До Африки провизия не доехала, ее земной путь закончился в супе, который Эдуард Андреевич с увлечением стряпал для своих питомцев. Очистив одну луковицу, Евгения Юрьевна порезала палец и теперь, вытянув ноги к костру, отдыхала от чуждой ей кулинарии. Когда суп перекочевал в желудки молодежи, вокруг разлилась атмосфера довольной сытости, и всех потянуло на подвиги.

– Сейчас спою! – решил вслух Эдуард Журавский и взял в руки гитару.

В течение часа он потчевал аудиторию походными песнями и туристическими байками, которых знал великое множество. Над страшными историями смеялись, серенадам подпевали. Совершенно неожиданно Евгения Юрьевна оказалась обладательницей бархатистого сопрано, и Журавский не удержался от комплимента:

– Женя, таким приятным голосом просто грех делать замечания и читать нотации. Лучше уж все время пой!

Леднева одарила его убийственным взглядом и, сбросив с колен собранные для нее цветы, отошла от костра.

– Промашка вышла, – прищелкнул языком Эдуард Андреевич и вручил Тимуру гитару вместе с советом. – Никогда так не делай!

Евгения стояла, прислонившись спиной к дереву, тень которого прятала ее от отблесков пламени. Не сумев разглядеть выражение ее лица, Журавский попытался обратить все в шутку:

– Простите, Евгения Юрьевна! Я – дурак. Поставьте мне двойку за поведение.

Она подняла руки к лицу и отвернулась к дереву. Всхлипывания. Плечи вздрагивают. Она плачет! Господи, да он и вправду идиот! Ведь придумал весь этот поход, чтобы создать романтическую обстановку. Хотел сказать ей, что любит. Да, черт возьми! Любит он ее, глупо дальше тянуть с объяснениями! Еще ни одной девушке он не посвящал целый год своей жизни! И все это при том, что они еще ни разу не переспали, вот парадокс-то! Он и сейчас ее хочет… Ну, не прямо сейчас… Он хочет ее насовсем, на всю жизнь, навсегда.

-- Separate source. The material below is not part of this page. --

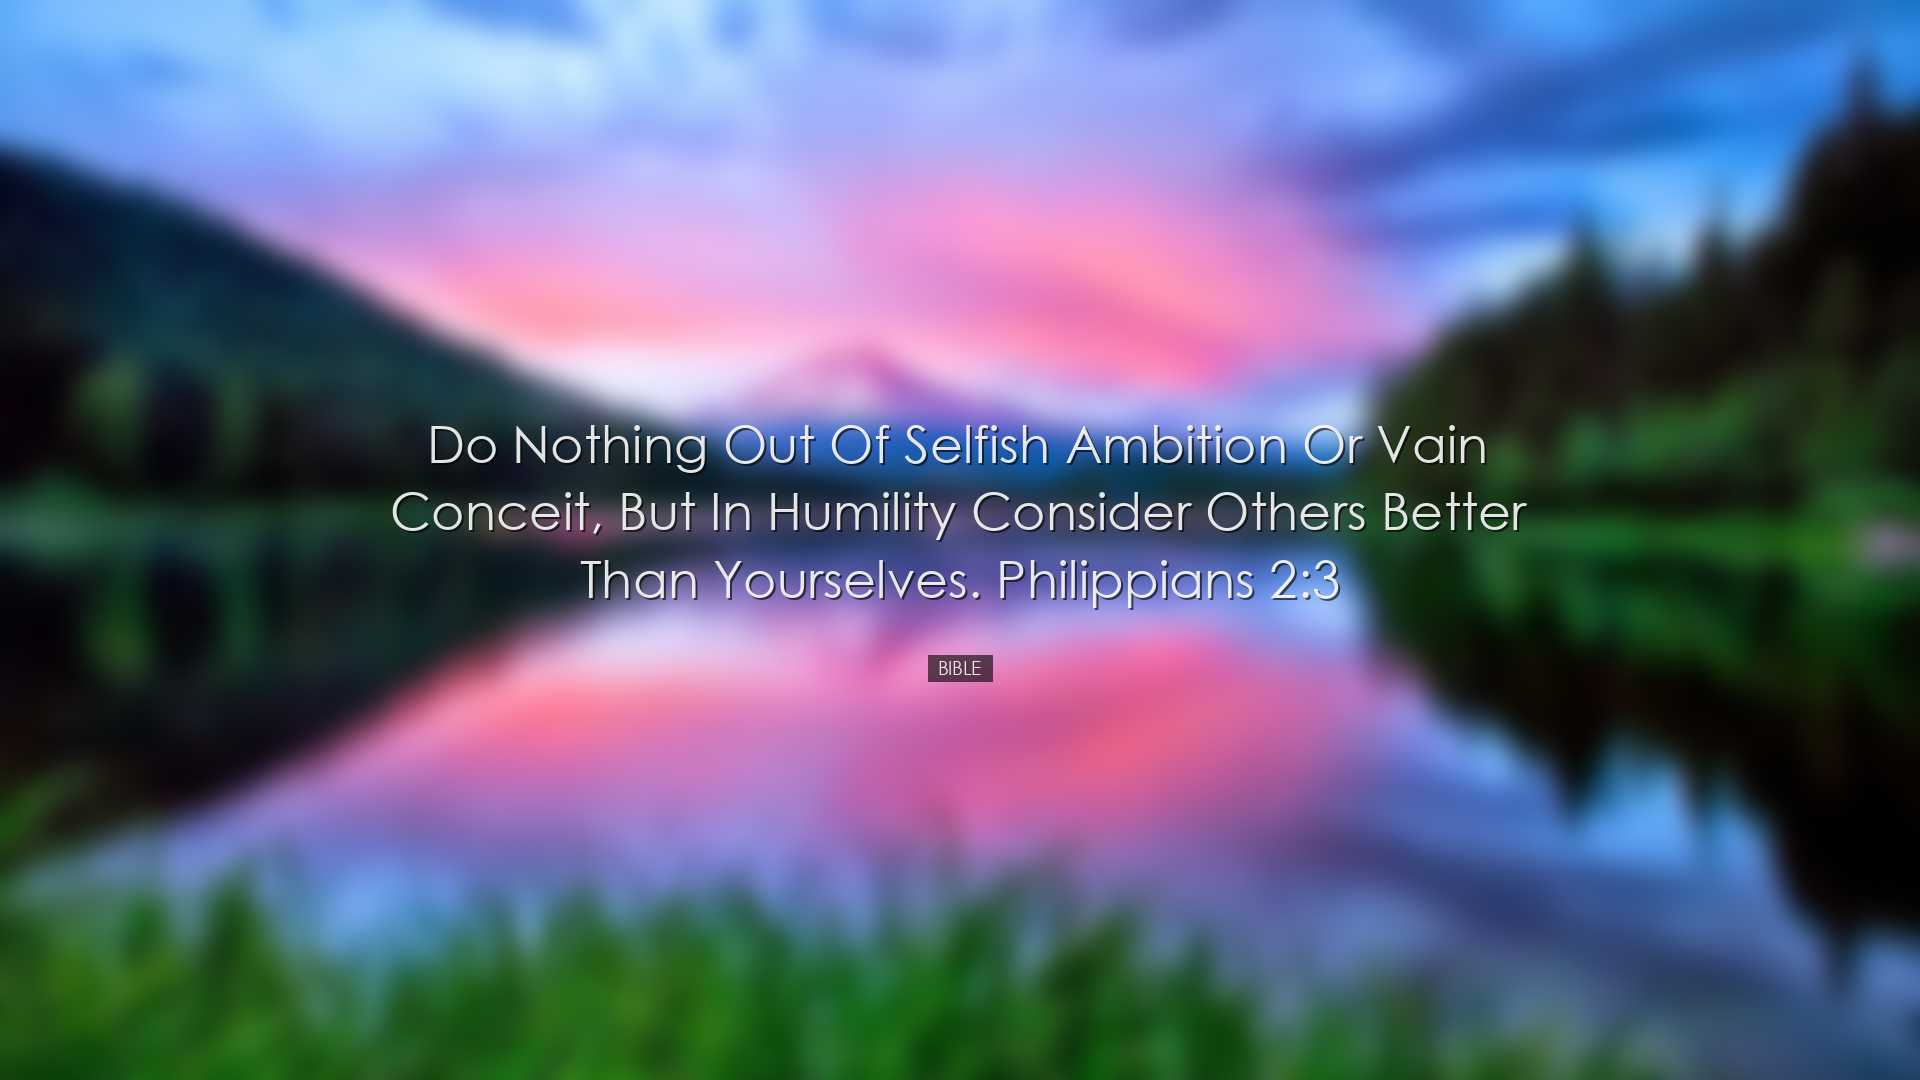 Do nothing out of selfish ambition or vain conceit, but in humilit

– Женя, – осторожно взял он ее за плечи. – Ну, что ты? Это же была просто шутка!

Всхлипывания перешли в приглушенные рыдания и, повернувшись, она уткнулась носом в его плечо.

– Мне надоели эти шутки, надоела эта деревня! Я ненавижу быть все время на виду! Хочу домой, где нет этих проклятущих насекомых, где не воняет дымом, где я могу побыть одна…

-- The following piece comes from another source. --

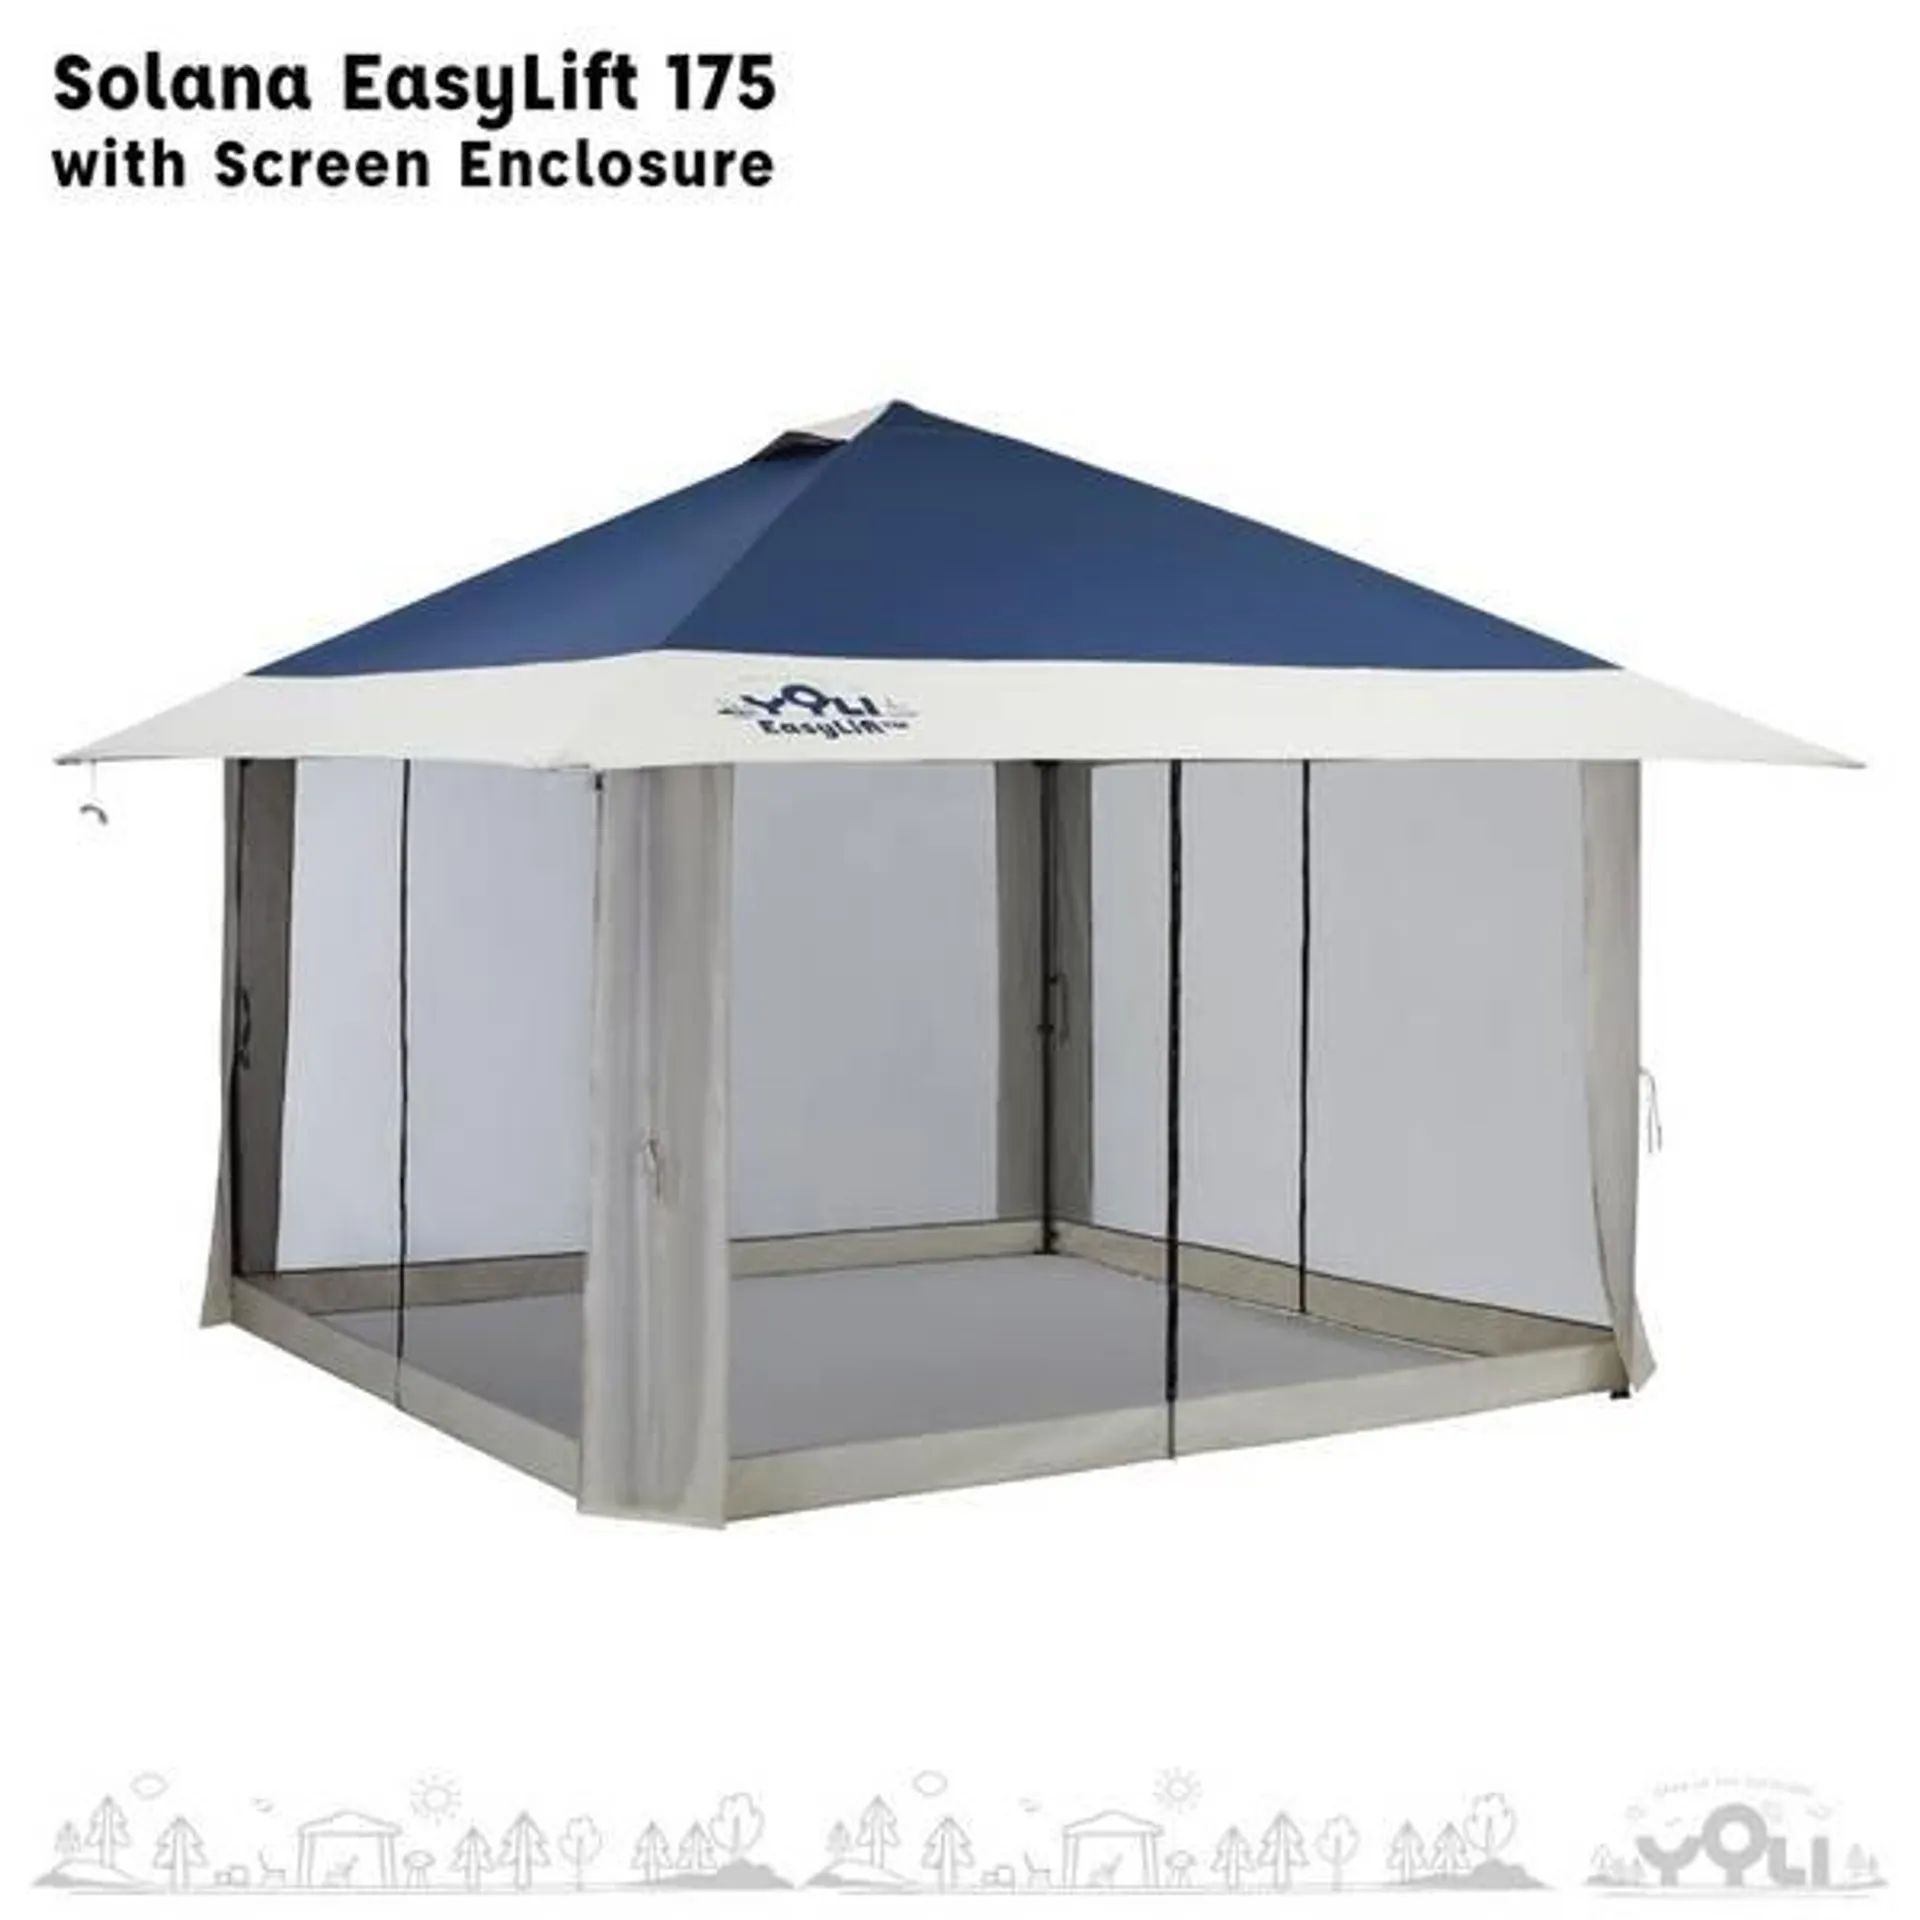 13'x13' Solana EasyLift Instant Canopy with Screen Enclosure

Остаток монолога утонул в слезах. Она по-детски обхватила его руками поперек туловища, и Эдуард бережно обнял ее, стараясь успокоить и согреть.

– Ты слишком долго была одна… Слишком привыкла к этому, слишком устала… – Он погладил ее по голове, как маленькую, и сжал в объятиях еще крепче. – Теперь я буду рядом. Всегда. Если, конечно, ты меня снова не прогонишь…

– Не прогоню, – пообещала она его плечу и подняла вверх заплаканные глаза, в которых отразились зеленые звезды. – Потому что… Я люблю тебя, Эдик… Просто люблю.

Удивление растаяло в поцелуе, долгом, нежном и влажном от ее слез. Разомкнув губы, он покачал головой и посетовал:

– Я первый хотел сказать тебе это!

Женя улыбнулась:

– Теряете хватку, Господин Журавский!

– Люблю тебя, Женька! – рассмеялся он.

После следующего поцелуя Эдуард вдруг отстранился и беспокойно посмотрел в сторону костра, откуда слышалось бренчание гитары.

– Слушай, а нам пора возвращаться! Наше отсутствие может быть неправильно истолковано.

Она сглотнула напросившийся смешок:

– С каких это пор ты стал заботиться о своей репутации?

Журавский состроил недовольную мину:

– С тех пор, как вынужден был стать примером для двадцати влюбленных друг в друга подростков. Клянусь: в городе я буду менее сдержан.


У костра тактично сделали вид, что не заметили ни заплаканных глаз Евгении Юрьевны, ни довольной физиономии Журавского. Тимур, терзая струны, подбирал на гитаре «Цыганочку», и Эдуард Андреевич, не в силах удержать рвавшуюся на волю энергию, пустился в пляс. Глядя на его произвольные «па» и придуманные на ходу «коленца», Фролов скривился, как от зубной боли.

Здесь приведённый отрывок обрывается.